According to Thomson Reuters’ Report on the State of the Legal Market, 85% of law firms plan to increase their investments in technology this year. This is a scary statistic, especially for law firms that find the topic daunting. It will put partners under pressure to adopt AI without necessarily having a strategy in place to ensure it is integrated successfully. Like with all technology implementations, expecting your employees will simply accept this new process or adopt the new tool without a detailed plan is unrealistic.
Not all law firms are affected by the ‘fear of missing out’ (‘FOMO’) many continue to implement their strategy of ‘avoid and deny’ and soldier on in the traditional way because they don’t want to change the way they work.
In a recent poll, we asked ‘at your law firm, what do partners think of AI?’ and we were not surprised that the majority of partners associated AI with change. As a result, they are the likely followers of the ‘avoid and deny’ strategy, sticking their heads in the sand, figuratively speaking.
Some law firms are beginning to invest in AI, albeit reluctantly, as a result of client demand. This often means the law firms are limiting the use of this technology to specific projects and are not taking full advantage of the benefits. Despite the increase of investments, very few law firms would hold their hands up to fully supporting and embracing these changes.
So the question is how can you drive change without ruffling too many feathers along the way? One way to approach this challenge is to step into the shoes of a lawyer and empathise with their hopes and fears of technology entering the legal realm.
Put yourself in their shoes
Putting yourself in someone else’s shoes in no mean feat, however a good starting point is to build an empathy map (see example above) for the partners in your law firm. It’s likely that you may hear some similar sentiments across the team which resonate with our example map above. This will help you begin to set the tone and better understand the general consensus around the topic of legal technology within your law firm.
Despite the likelihood of cognitive dissonance rearing its ugly head, with partners publicly supporting innovation and yet rarely using any legal technology in their day-to-day, the bottom line is that partners want their clients to be successful. This is vital and the common ground on which you can build a successful strategy.
There is no ‘one-size-fits-all’ strategy
This may be obvious, but all law firms are different so there is really no ‘one-size-fits-all’ strategy. However, you can get an idea of the type of strategy to build based on where your law firm sits on the below adoption status graph.
This graph measures the stakeholder buy-in against the user needs in relation to the technology.
If you are an observer – you are likely to be waiting on the sidelines, perhaps feeling a certain degree of FOMO as you wait for the right project. Your strategy should be to start small rather than being intimidated by the big players. As a first step, aim to get one partner on board with a single project to be able to deliver productivity gain on a smaller scale.

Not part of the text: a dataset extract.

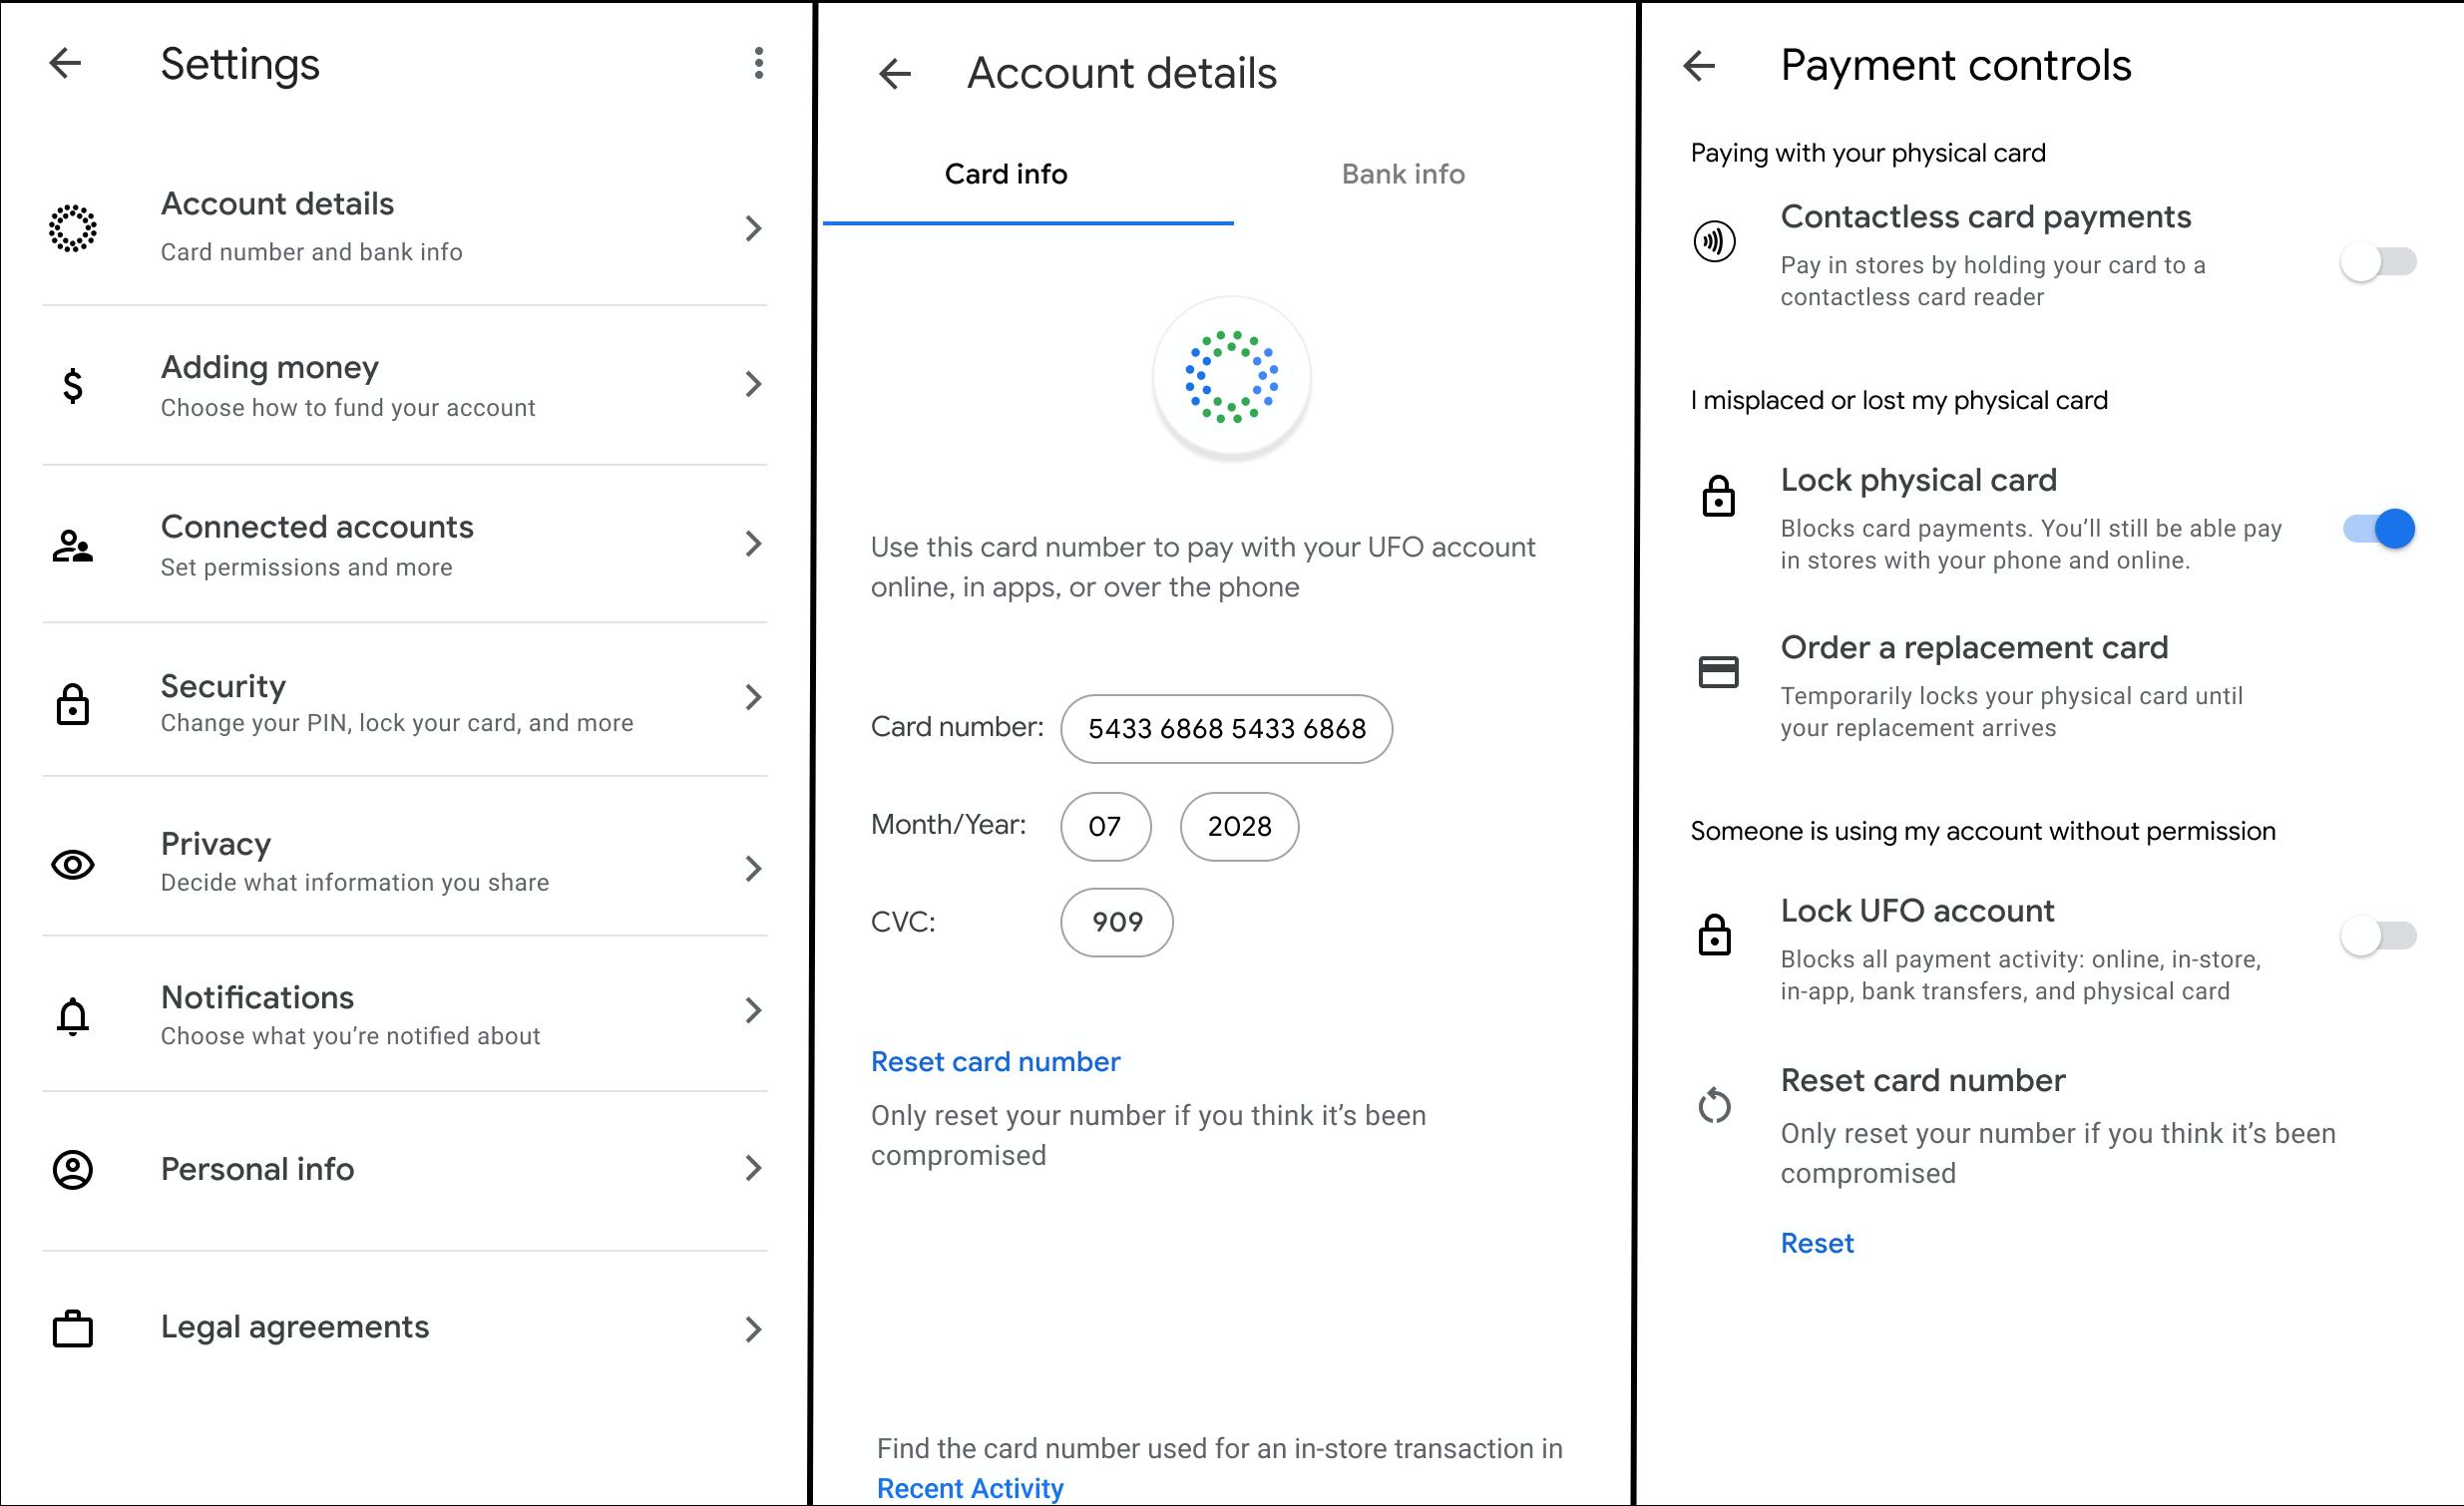 Google Card Privacy Security apple card, banco online, Cartão de débito, google, Google Card

If you are a pragmatist – you are likely to be using AI on specific client projects (often due to client demand rather than internal pressure) so the technology benefits are generally not visible to the entire law firm…yet. Try to work on internal communication and aim to replicate across the firm.
If you are a visionary – you are in a fortunate position in that the leadership believes in AI so you have that all important stakeholder buy-in, however there isn’t currently enough investment in understanding the fit and need of the lawyers that will use the technology. The first priority for law firms in this position is to invest in a legal tech team to provide this kind of understanding.
If you are an innovator – you are already delivering value on multiple projects but you are lacking sufficient stakeholder buy-in to get to the next stage. This is where a champion network of partners who are vocal about the benefits of legal technology plays a crucial role.
If you are a leader – you are at the top of your game but you are aware of how rapidly the legal tech and AI market is developing. You are conscious of the huge developments in Natural Language Processing and how those advances drive legal technology. Your next move is to ensure that you are investing time and money into the most relevant and future proof technology that works for all the partners at your law firm.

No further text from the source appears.